In the present study, we explored a total of 116 common DEGs comprising 27 up-regulated and 89 down-regulated DEGs. Then, DAVID together with KOBAS was used to analyze GO and KEGG pathways, and PPIs of these DEGs were visualized with Cytoscape. The PPI network complex of 78 nodes and 209 edges was constructed. According to the results of Cytotype MCODE, 15 up-regulated genes were identified from the PPI network complex. We found that CDK1, PRC1, NEK2, DTL, ANLN, PBK, RACGAP1, CDKN3, ECT2, HMMR, CCNB1, RRM2, BUB1B, TOP2A, and ASPM had a significantly worse survival rate and high expression in the HCC samples. Furthermore, KEGG pathway enrichment re-analysis results of the 15 selected genes indicated that CCNB1, CDK1, and RRM2 were significantly enriched in the p53 signaling pathway. In GSEA analysis, highly-expressed samples of three core genes were enriched in the p53 signaling pathway in the validation dataset. Our bioinformatics analysis results predicted that CCNB1, CDK1, and RRM2 may be closely related to the development of HBV-related HCC. The verification results in liver cancer tissues and cells showed that expression of the core genes was higher than in the normal tissues and cells, while transfection of si-p53, and knockdown of p53 led to lower expression, indicating that three core genes in the p53 signaling pathway may play a significant role in the occurrence and development of HBV-related HCC. Finally, five lncRNA (NEAT1, MALAT1, XIST, AC021078.1, and SNHG16) were identified with close interactions by predicting the ceRNA network of the core genes.
CCNB1, G2/Mitotic-specific cyclin B1, was shown to play an important role in the occurrence and development of tumors. Mussnich reported that down-regulation of CCNB1 could reduce cell proliferation [34]. Zhao[35] reported that up-regulation of CCNB1 played a part in the pathology of pituitary adenomas in the cell cycle. CDK1, cyclin-dependent kinases A was suggested to play a role in the development of HCC. Some results strongly suggested that CDK1 acts as a tumor-specific mediator, affecting apoptin-induced cytotoxicity in HCC cells. CDK1 could be an important factor in cell division [36], and several CDK1 substrates, such as histone H1 and PI3K/AKT, play crucial roles in cell cycle modulation [37, 38]. RRM2 ribonucleotide reductase regulatory subunit M2, is one of the protein genes encoding ribonucleoreductase (RR) [39]. RRM2 can be used as a prognostic biomarker for a variety of cancer types, such as colon cancer, breast cancer [40–42], and overexpression of RRM2 also stimulates the migration, invasion, and proliferation of many other solid tumor cells. A previous study showed that RRM2 is directly regulated by p53 to supply nucleotides to repair damaged DNA [43]. A study also showed that p53R2-dependent DNA synthesis plays a pivotal role in cell survival by repairing damaged DNA in the nucleus and that dysfunction of this pathway might result in activation of p53-dependent apoptosis to eliminate dangerous cells[44]. Small-interfering RNA-mediated knockdown of RRM2 can depress HCC cell proliferation [45]. Furthermore, Lee [46] indicated that high expression of RRM2 could be a useful marker to predict early recurrence of HCC following curative hepatectomy.
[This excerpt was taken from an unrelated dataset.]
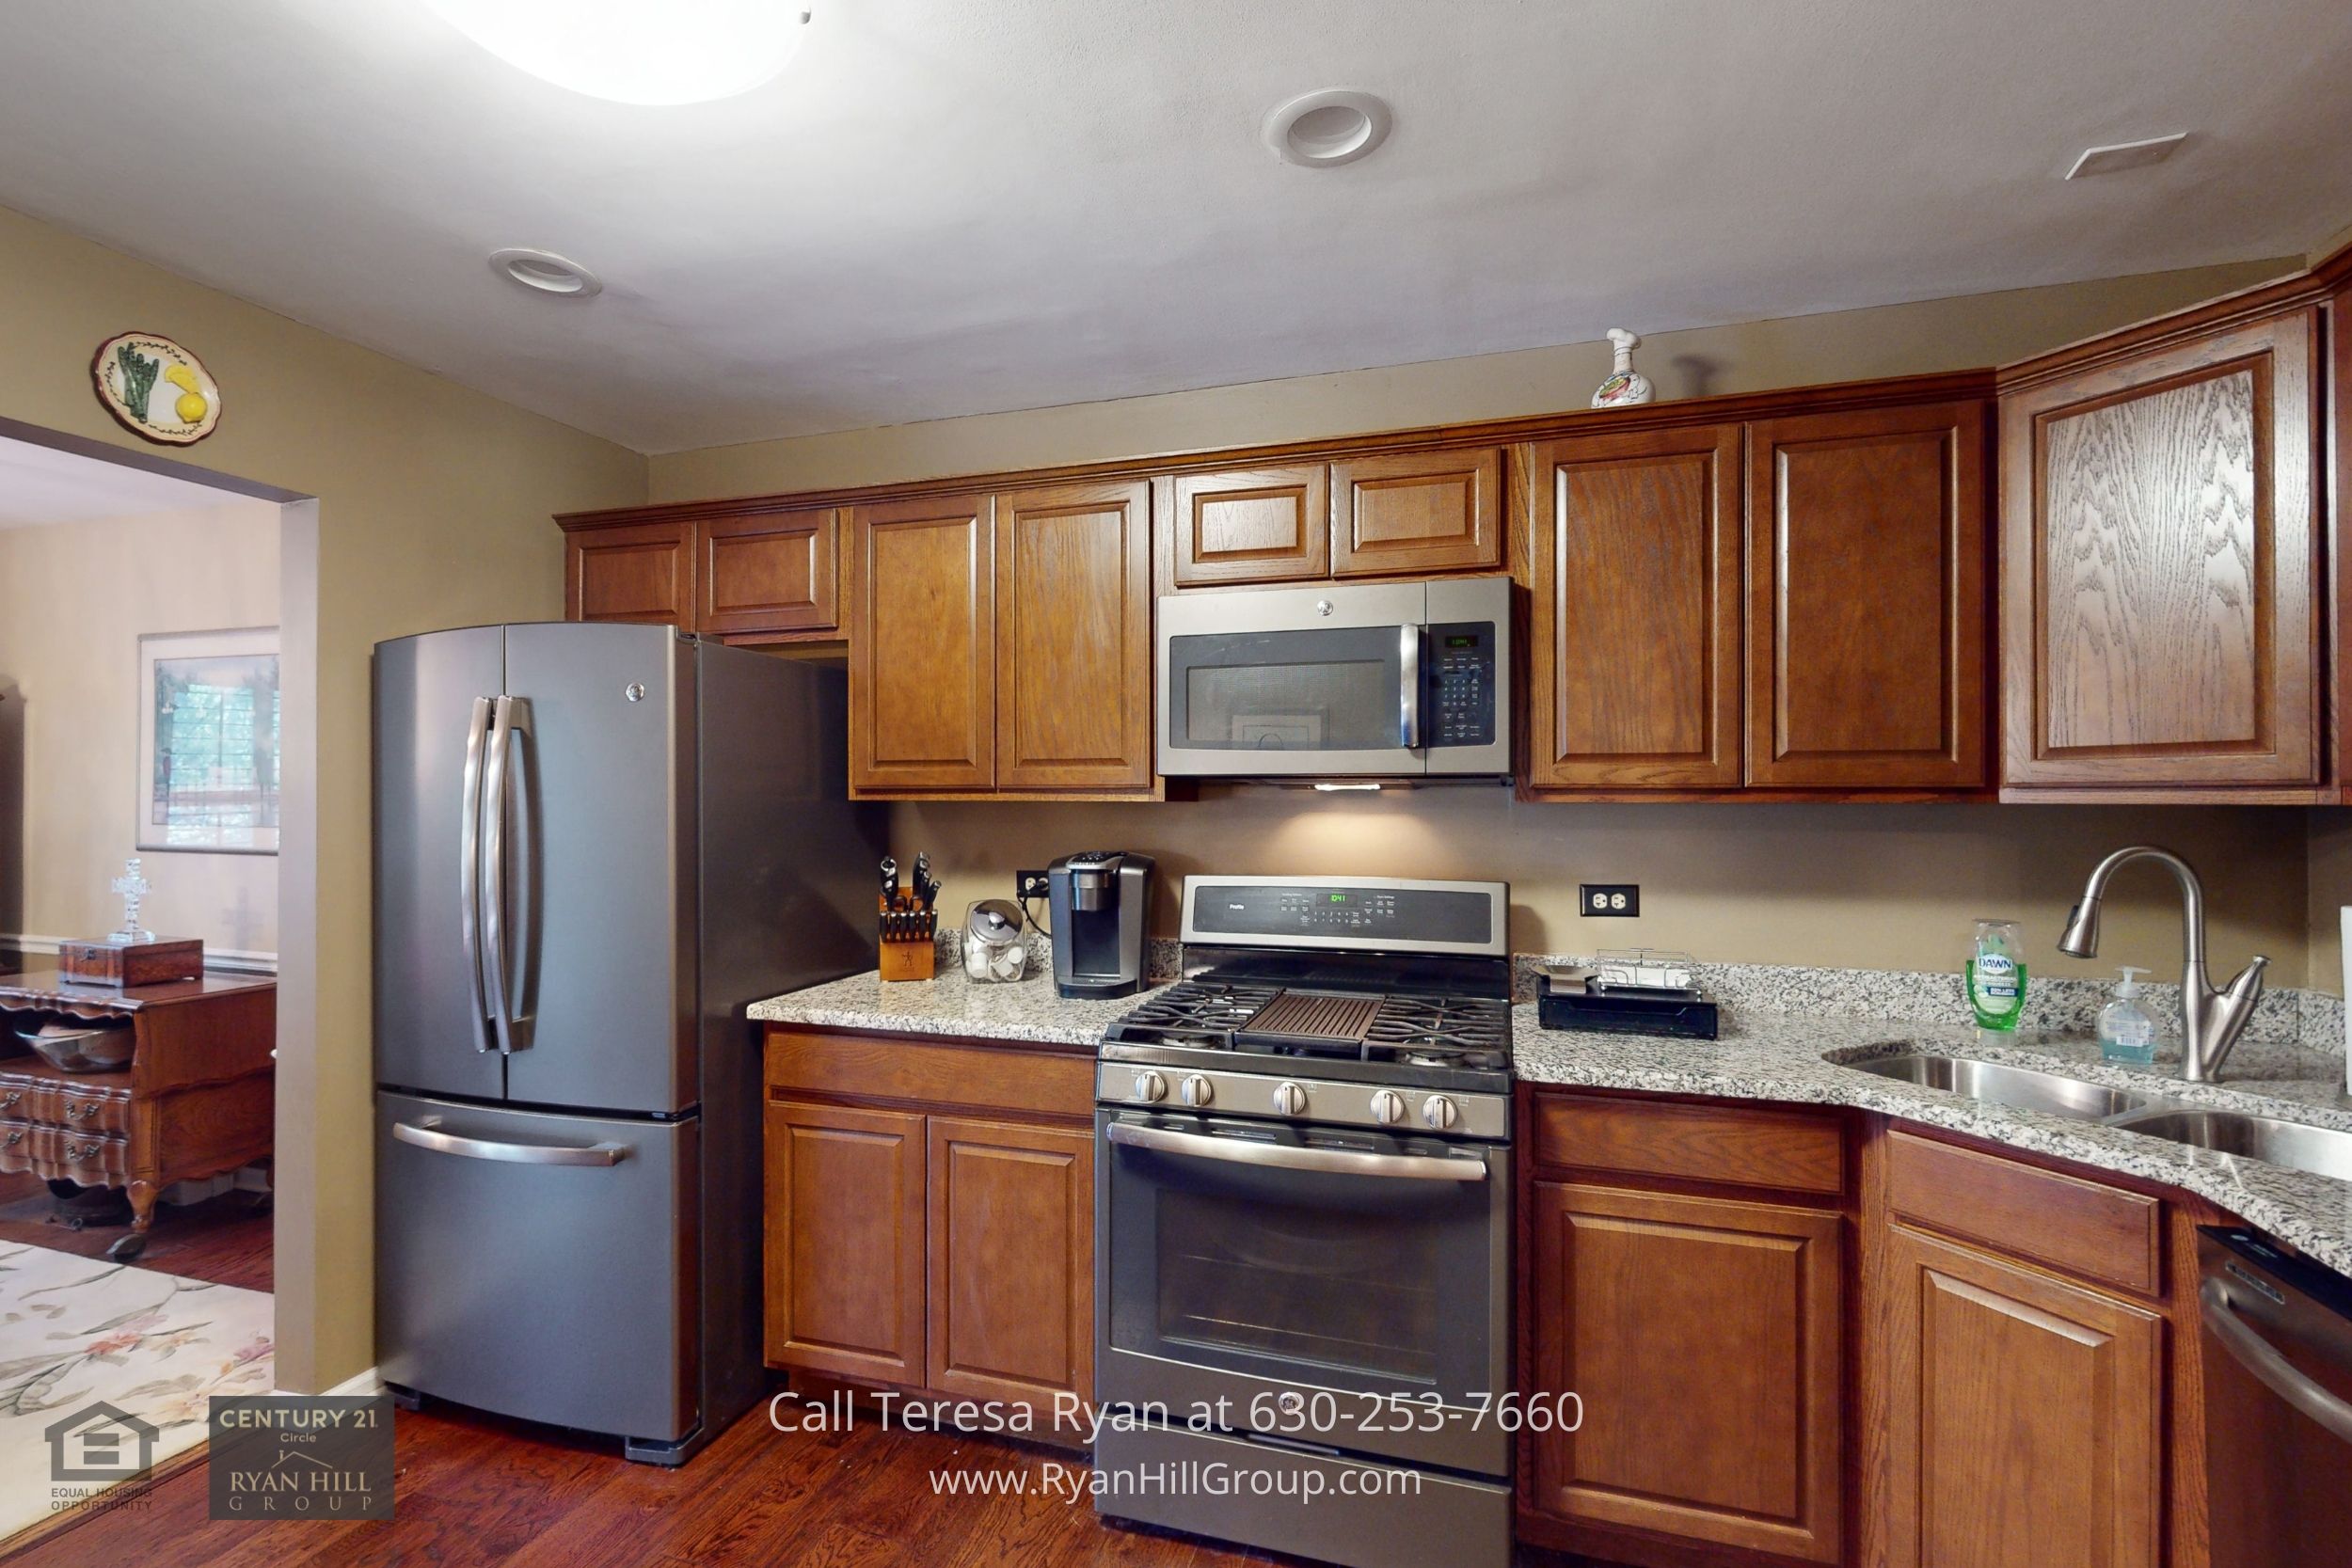 This lovely townhome in Winfield IL has a gourmet kitchen has GE stainless steel appliances, a gas cooktop with five burners, and a stainless double sink all beautifully captured in this photo.

Moreover, the p53 signaling pathway was a potent barrier for tumor progression and it plays important roles in hepatocarcinogenesis [47–50]. Tu[51] found that the activation of F-box and WD repeat domain-containing 7 (Fbxw7) via adenoviral delivery of p53 caused increased proteasomal degradation of cyclin E and c-Myc, thus recombinant human adenovirus-p53 injection could be a possible therapeutic agent for HCC.
Non-coding RNAs (ncRNAs), which cannot code proteins, were originally believed to be “junk RNAs” [52]. However, recently ncRNA was believed to play a vital role in HCC. Many of the lncRNAs were frequently dysregulated in both HBV-related HCC tissues and HBV-/HBx-expressing cell lines. Most studies mention the underlying mechanisms of lncRNAs in HCC progression are the alterations of lncRNA expression that may result in altered proliferative capacities and colony formation abilities of HCC cells. Some results suggested dysregulation of lncRNAs was related to migration, invasion, and metastasis of HCC cells by regulating the cell cycle, thus contributing to the proliferation of HCC cells [53–56]. In our study, NEAT1, MALAT1, XIST, AC021078.1, and SNHG16 were identified to have close interactions with three core genes from the CeRNA network, thus suggesting dynamic changes in these competing endogenous RNA activities and they may play important roles in regulating the expression and function of core genes associated with the occurrence and progression of HBV-HCC.